In order to serve ChatGPT like service based on LLMs, we need at least three technologies in sequential manner.

  1. Instruction following fine-tuned LLMs: without any concrete models available, we can not build and test ChatGPT like service. Even though there are already some publicly available fine-tuned models out there, they need to be adjusted frequently (because of ChatGPT, everyone in the field of AI tends to move so fast which leads lots of flaws. For example, Alpaca dataset contains lots of flaws such as empty text, repetitive strings, hallucinations, etc). Hence, as the time moves, we need to update fine-tuned models, and I think it will help us to understand the importance of the datasets and how differently curated datasets generate different texts.

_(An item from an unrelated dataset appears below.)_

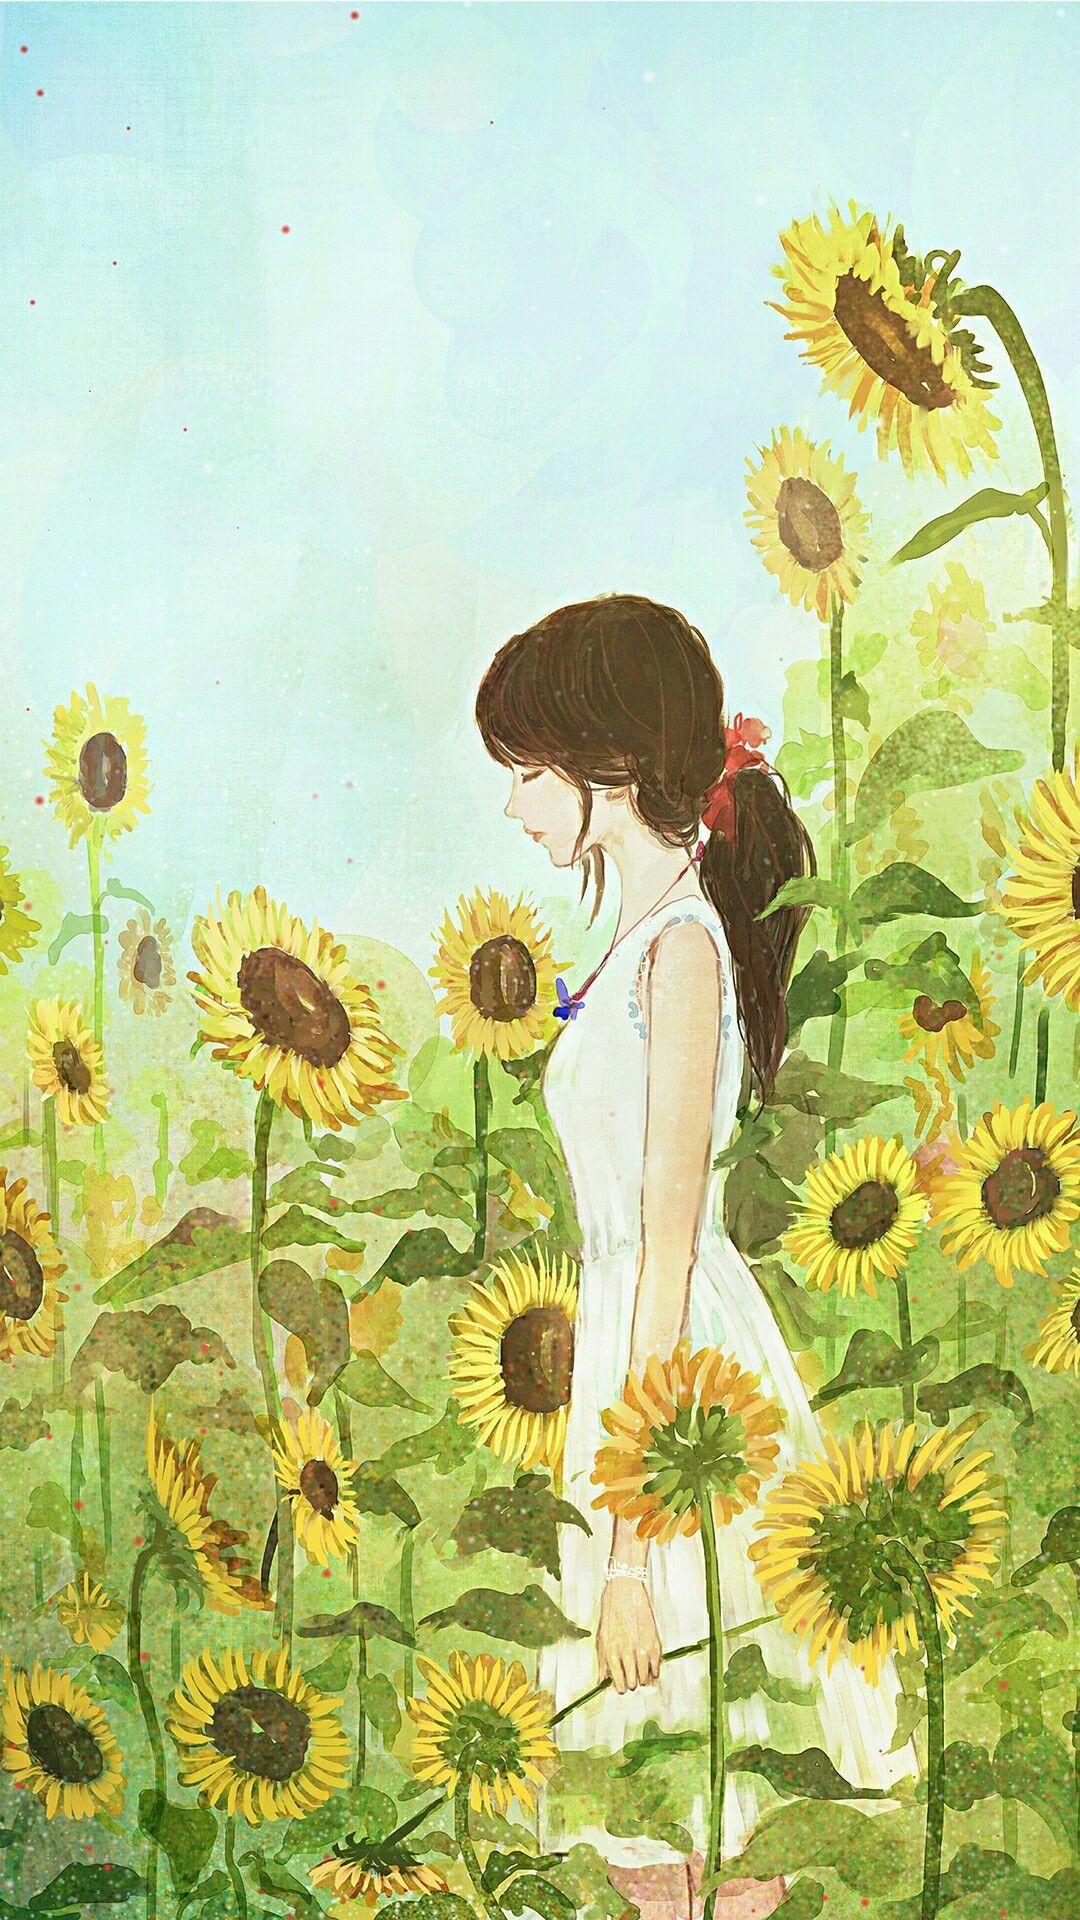 소녀 일러스트with sunflower

  2. General conversation management with context: it is often true that the different datasets used to fine-tune different models have different structure. That means we should layout the structure of prompts according to the datasets, so we need to abstract the prompt layouts to support multiple models. Furthermore, it is important to manage contexts of the conversation due to the technical limitations of the current LLM architecture (<4096 tokens at most), but context management should be done differently for different models since they were fine-tuned with different structure of datasets. Hence, context management should be abstracted too.

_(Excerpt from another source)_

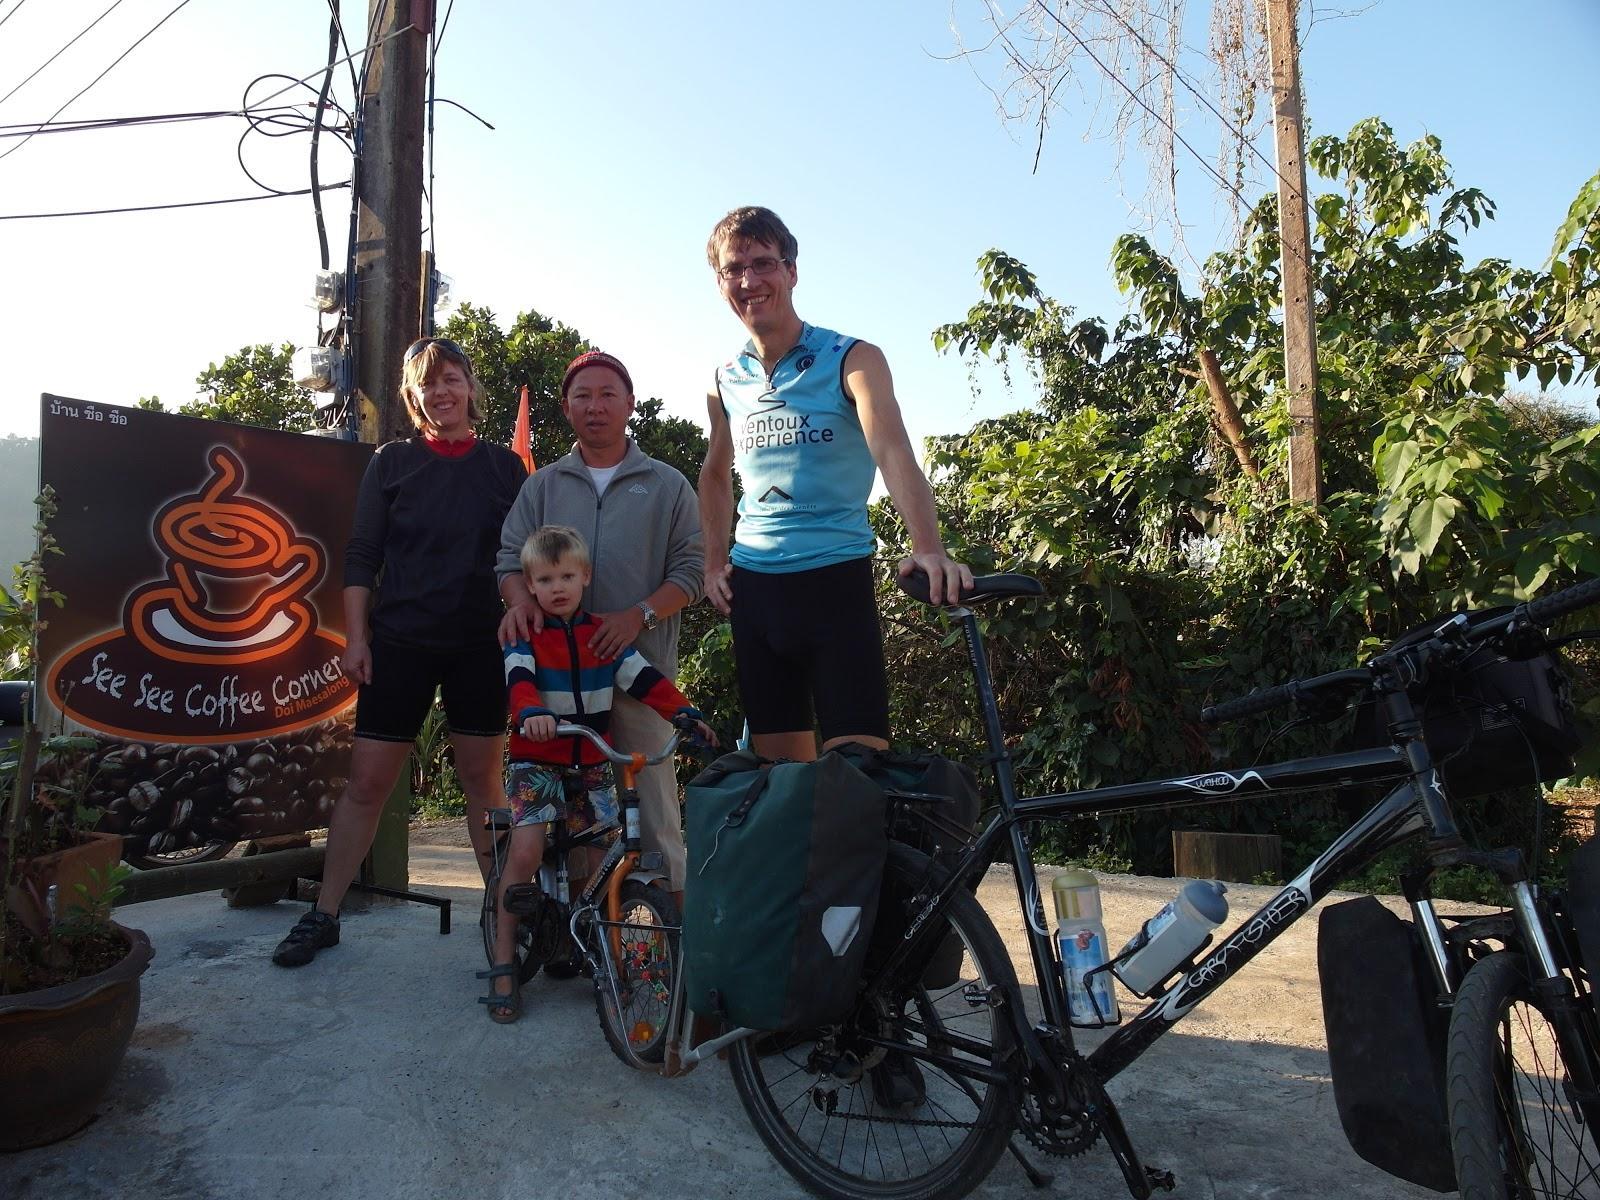 Thailand op fietse: december 2012

    • for instance, ### Instruction:, ### Input:, ### Response is the delimiter in Alpaca like models while Question: and Answer: are used in StackLLaMA.
  3. Genera serving framework: there are too many claimed to be open source models coming out every week, but we don’t know how it works better than others. Also, the release of open source models does not mean it works like context aware Chatbot through the conversation history.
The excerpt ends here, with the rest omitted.